PROBLEM STATEMENT » Here is a listing. Write it all out again exactly, but not its pictures.

INFORMATION SHOWN »
▶
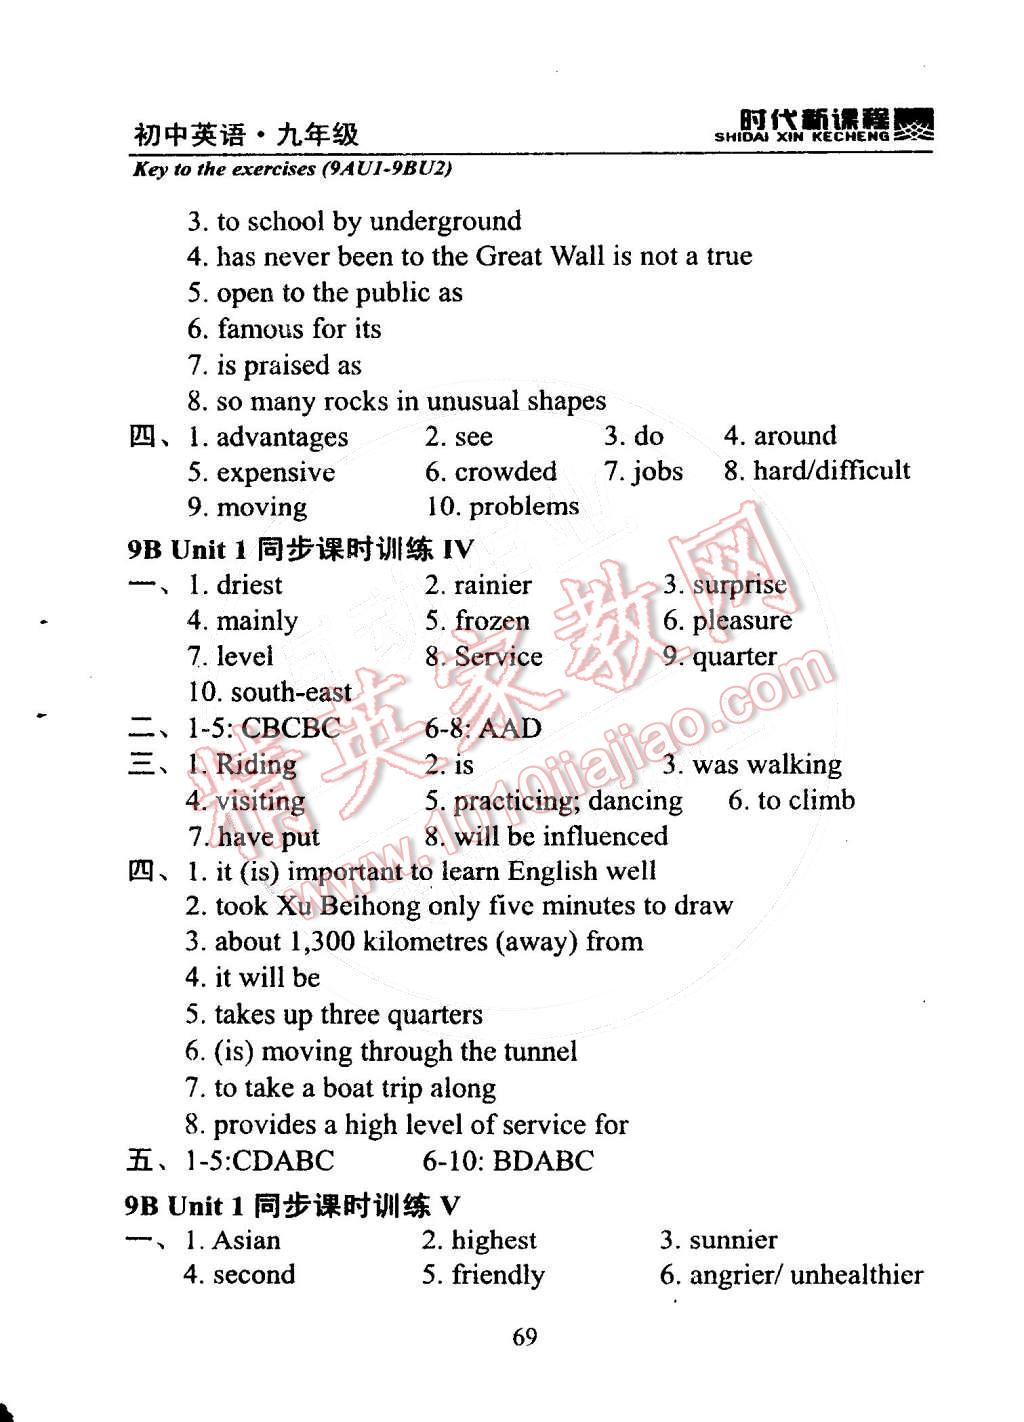 2014年时代新课程初中英语九年级上册 9BUnit 1 Asia第191页
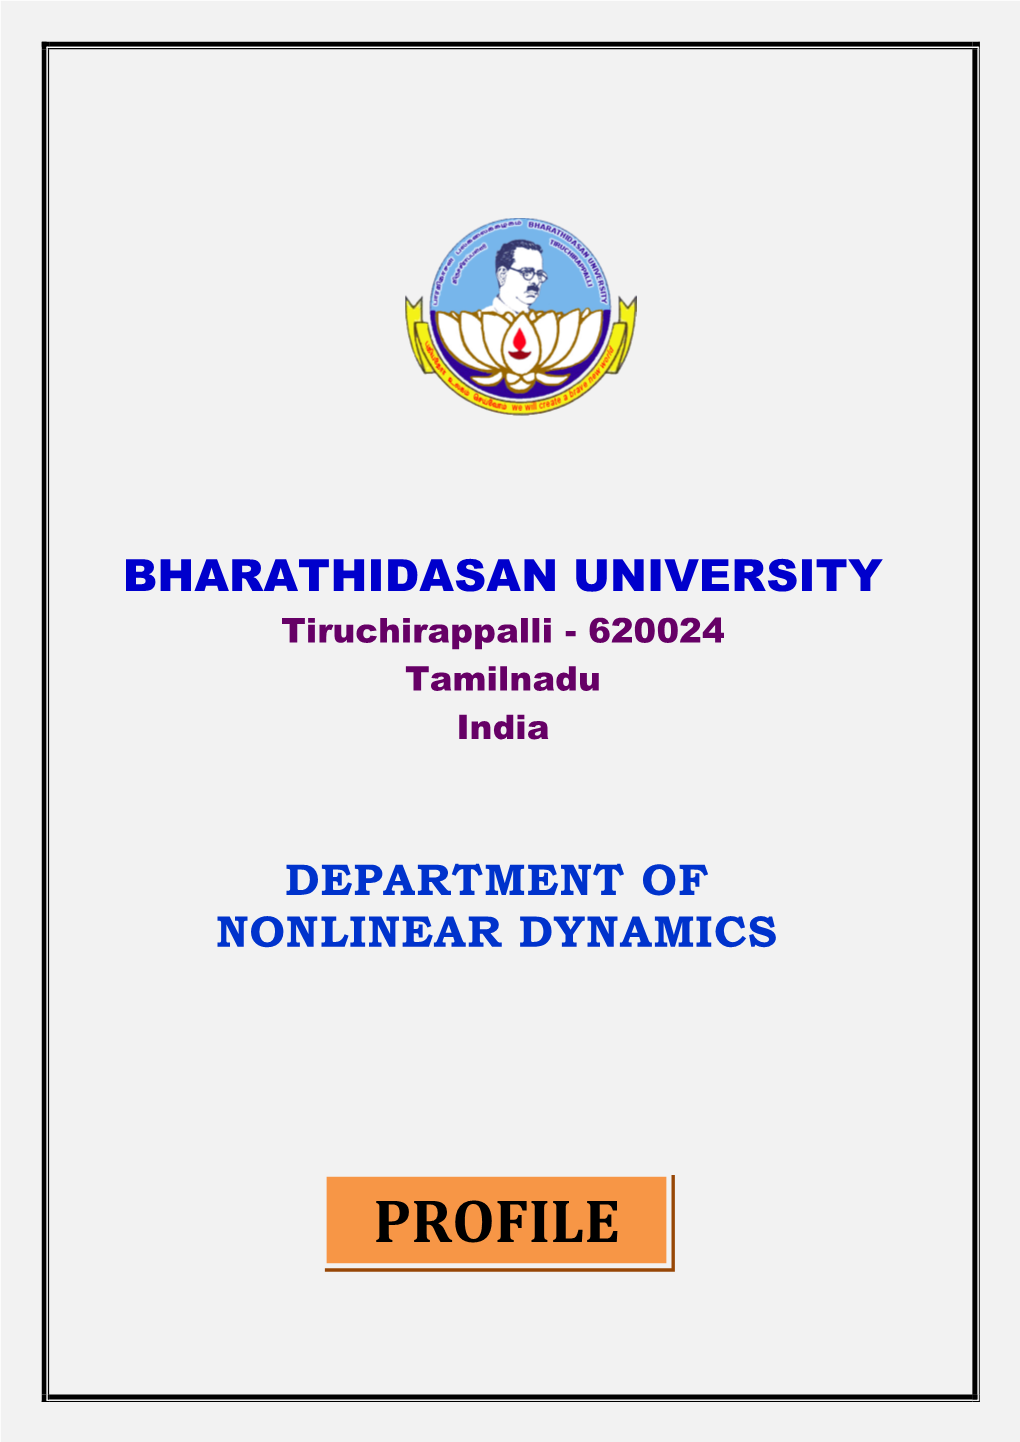 Department Profile
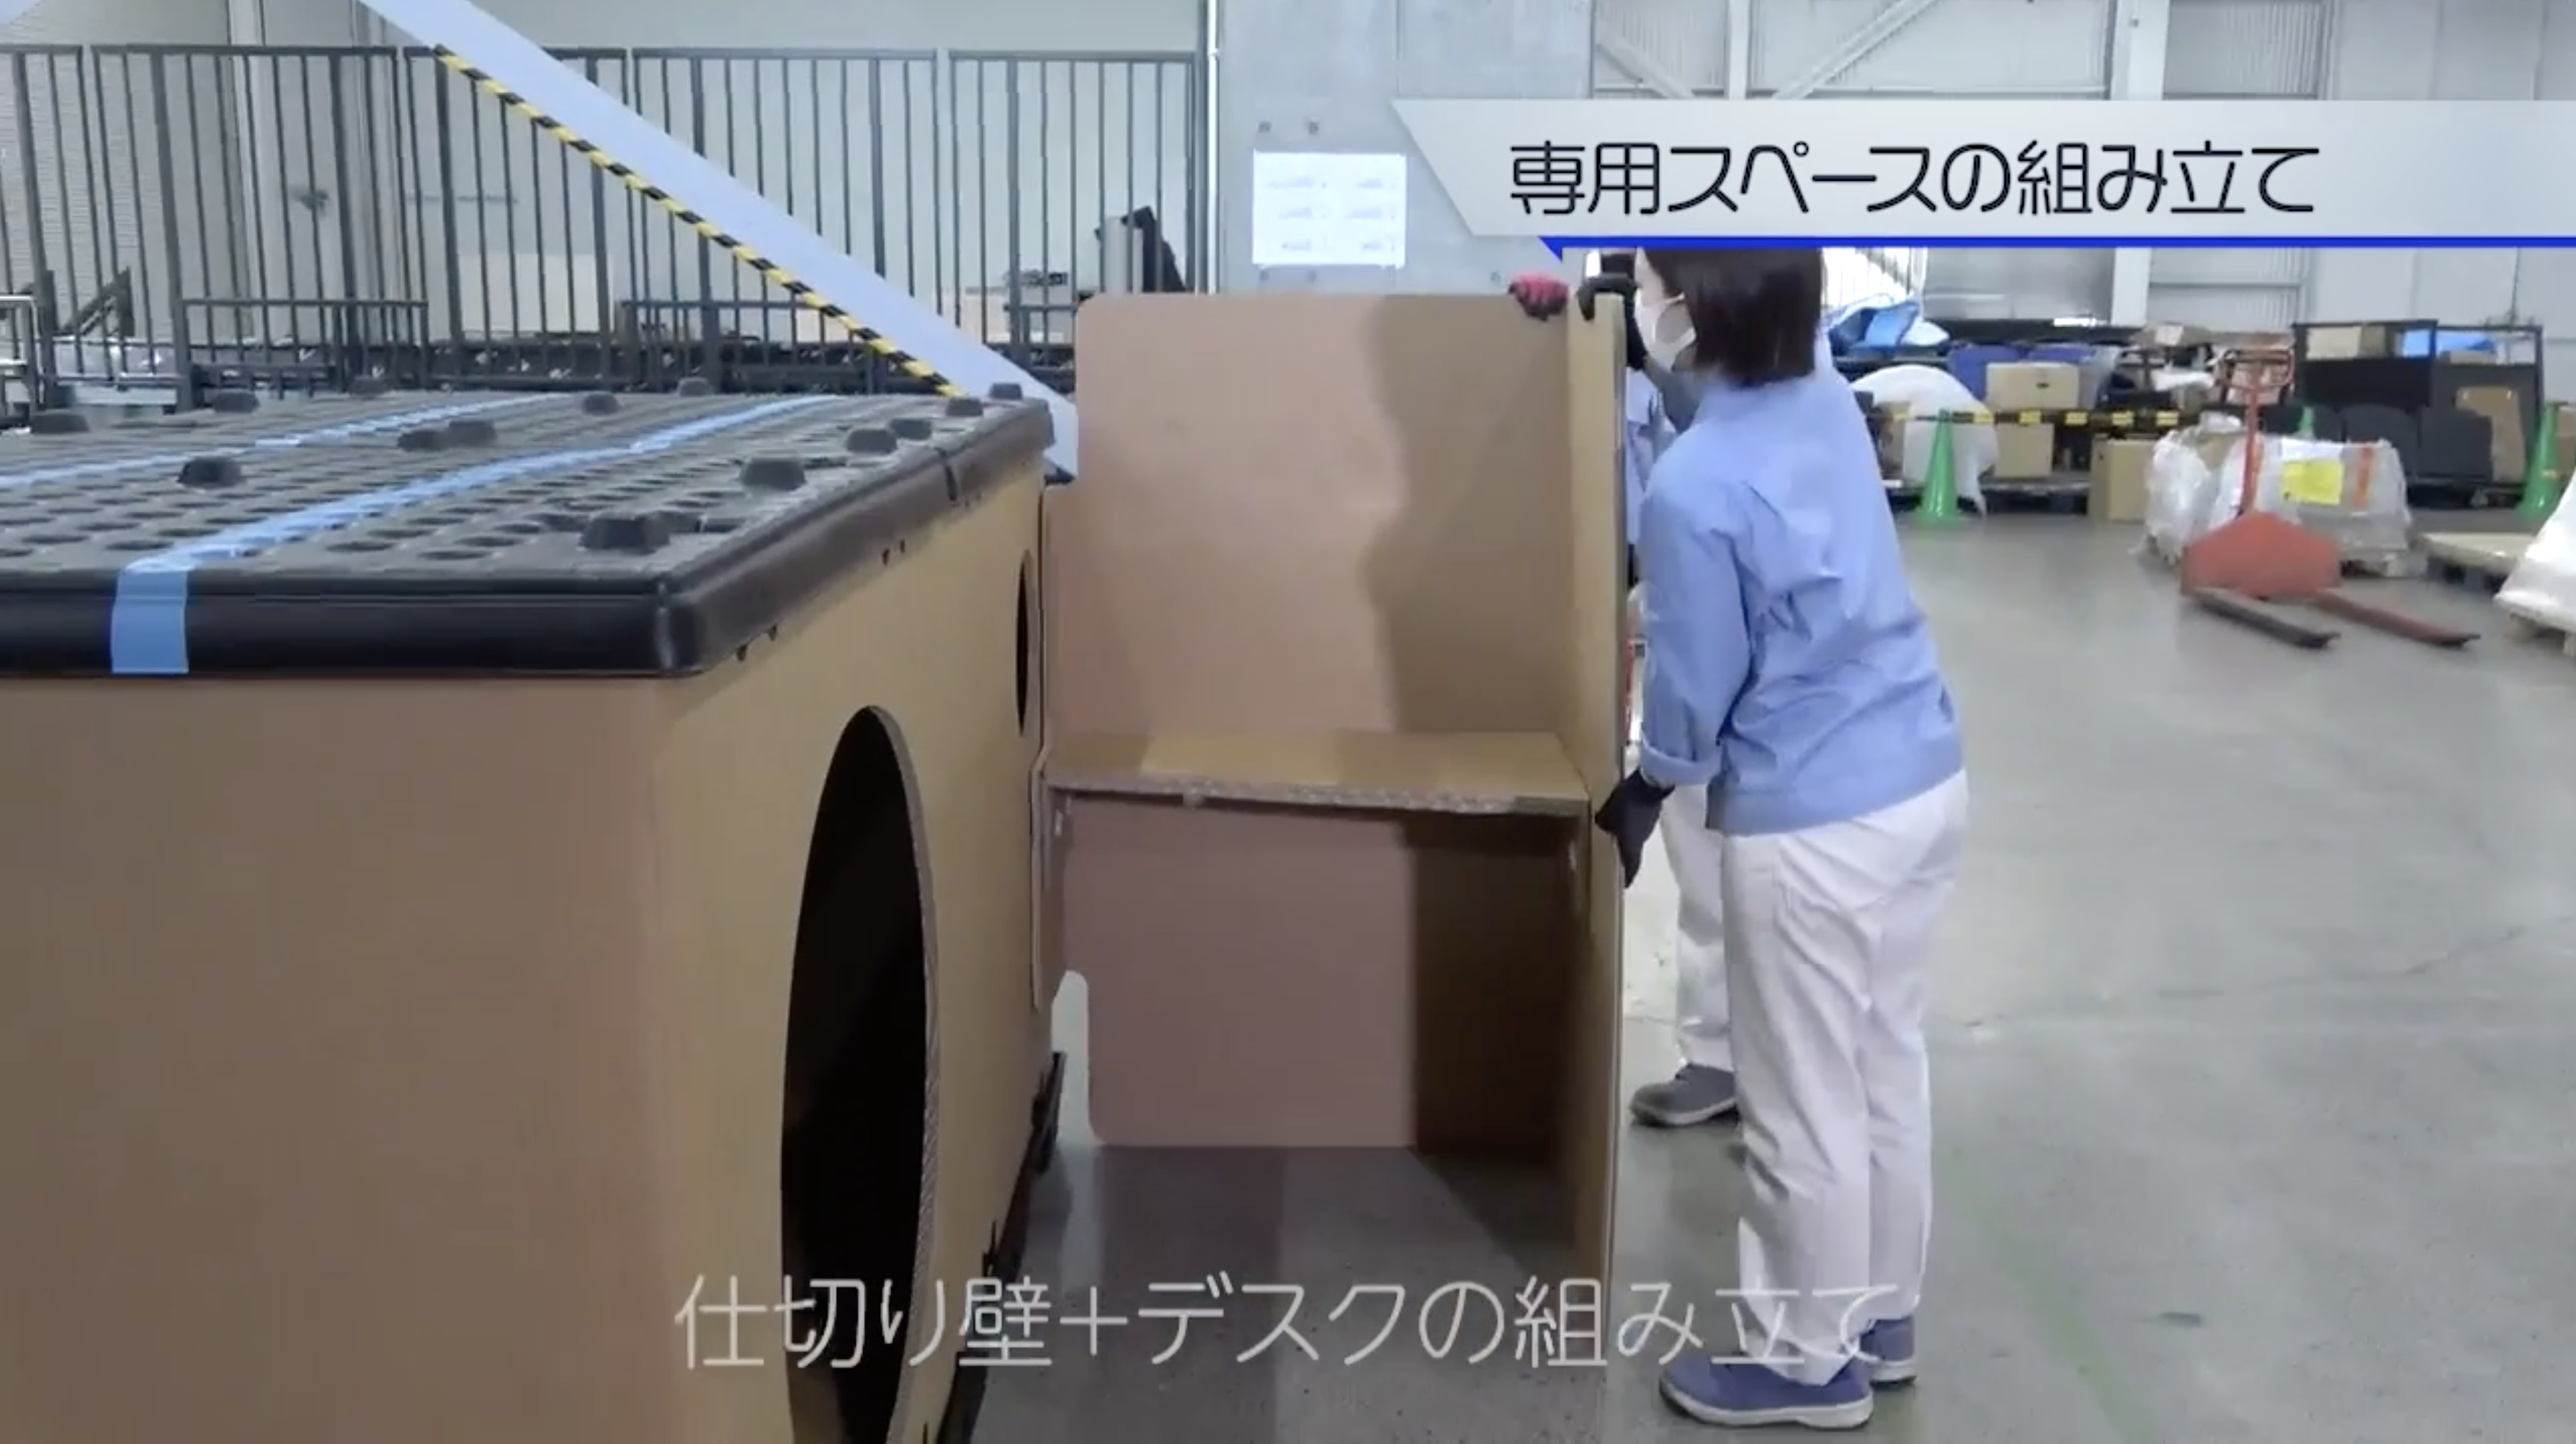 Sleep Capsules de cartón Kotobuki - Nueva solución para los desastres naturales
◀
RESULT FOR THIS TASK »
 2014年时代新课程初中英语九年级上册 9BUnit 1 Asia第191页
 Department Profile
 Sleep Capsules de cartón Kotobuki - Nueva solución para los desastres naturales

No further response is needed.